Proteinases with the (chymo)trypsin-like serine/cysteine fold comprise a large superfamily performing their function through the Acid - Base - Nucleophile catalytic triad. In our previous work (Denesyuk AI, Johnson MS, Salo-Ahen OMH, Uversky VN, Denessiouk K. Int J Biol Macromol. 2020;153:399-411), we described a universal three-dimensional (3D) structural motif, NBCZone, that contains eleven amino acids: dipeptide 42 T-43 T, pentapeptide 54 T-55 T-56 T-57 T(base)-58 T, tripeptide 195 T(nucleophile)-196 T-197 T and residue 213 T (T - numeration of amino acids in trypsin). The comparison of the NBCZones among the members of the (chymo)trypsin-like protease family suggested the existence of 15 distinct groups. Within each group, the NBCZones incorporate an identical set of conserved interactions and bonds. In the present work, the structural environment of the catalytic acid at the position 102 T and the fourth member of the "catalytic tetrad" at the position 214 T was analyzed in 169 3D structures of proteinases with the (chymo)trypsin-like serine/cysteine fold. We have identified a complete Structural Catalytic Core (SCC) consisting of two classes and four groups. The proteinases belonging to different classes and groups differ from each other by the nature of the interaction between their N- and C-terminal β-barrels. Comparative analysis of the 3CLpro(s) from SARS-CoV-2 and SARS-CoV, used as an example, showed that the amino acids at positions 103 T and 179 T affect the nature of the interaction of the "catalytic acid" core (102 T-Core, N-terminal β-barrel) with the "supplementary" core (S-Core, C-terminal β-barrel), which ultimately results in the modulation of the enzymatic activity. The reported analysis represents an important standalone contribution to the analysis and systematization of the 3D structures of (chymo)trypsin-like serine/cysteine fold proteinases. The use of the developed approach for the comparison of 3D structures will allow, in the event of the appearance of new representatives of a given fold in the PDB, to quickly determine their structural homologues with the identification of possible differences.

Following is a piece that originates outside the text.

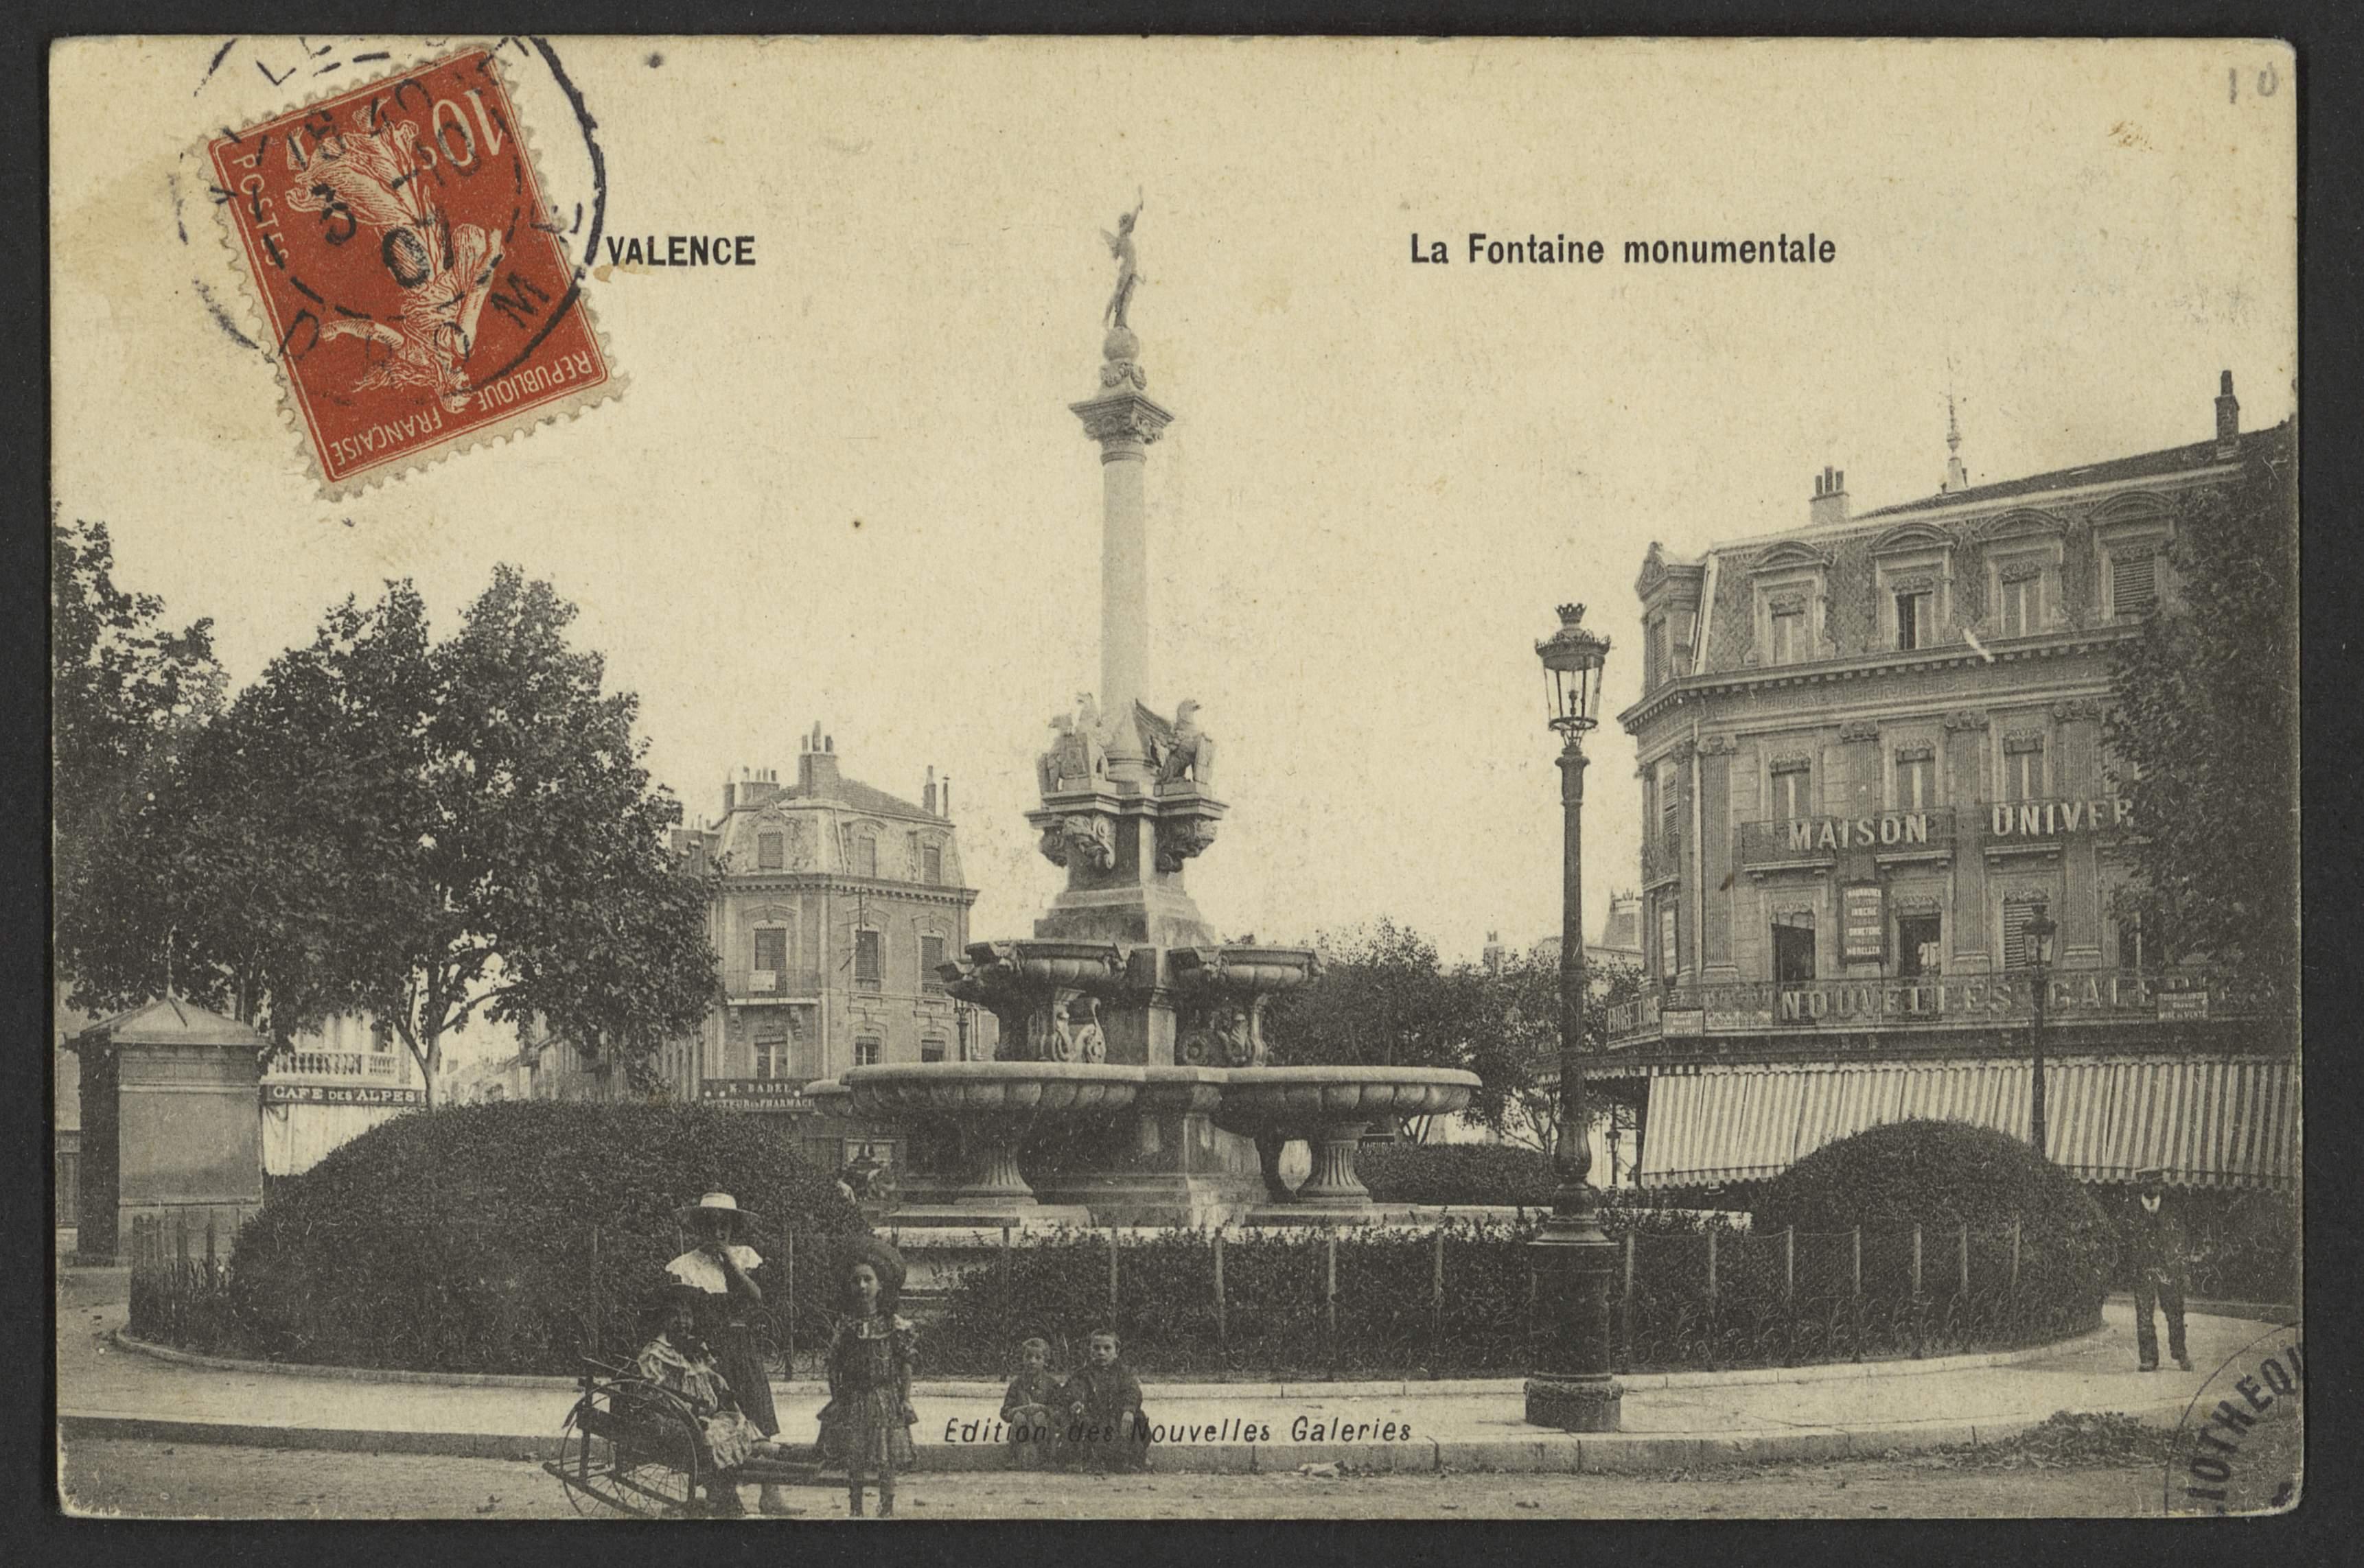 Valence - La Fontaine monumentale

具有糜蛋白酶样丝氨酸/半胱氨酸折叠的蛋白酶构成了一个庞大的超家族,通过酸-碱-亲核催化剂三联体发挥其功能。在我们之前的工作中(Denesyuk AI、Johnson MS、Salo-Ahen OMH、Uversky VN、Denessiouk K. Int J Biol Macromol. 2020;153:399-411),我们描述了一个通用的三维(3D)结构基序 NBCZone,它包含 11 个氨基酸:二肽 42T-43T、五肽 54T-55T-56T-57T(base)-58T、三肽 195T(nucleophile)-196T-197T 和残基 213T(T-编号在糜蛋白酶中的氨基酸)。对糜蛋白酶样蛋白酶家族成员的 NBCZones 进行比较表明,存在 15 个不同的组。在每个组中,NBCZones 都包含一组相同的保守相互作用和键。在本工作中,分析了具有糜蛋白酶样丝氨酸/半胱氨酸折叠的 169 种蛋白水解酶的 3D 结构中位置 102T 的催化酸和位置 214T 的“催化四联体”的第四个成员的结构环境。我们已经确定了一个完整的结构催化核心(SCC),由两类和四组组成。属于不同类和组的蛋白水解酶通过它们的 N-和 C-末端β-桶之间的相互作用的性质而彼此不同。以 SARS-CoV-2 和 SARS-CoV 的 3CLpro(s)为例的比较分析表明,位置 103T 和 179T 的氨基酸影响“催化酸”核心(102T-Core,N-末端β-桶)与“补充”核心(S-Core,C-末端β-桶)之间相互作用的性质,这最终导致酶活性的调节。所报道的分析是对糜蛋白酶样丝氨酸/半胱氨酸折叠蛋白水解酶的 3D 结构分析和系统化的重要独立贡献。使用所开发的方法进行 3D 结构比较,将允许在给定折叠的新代表出现在 PDB 中时,快速确定它们的结构同源物,并识别可能的差异。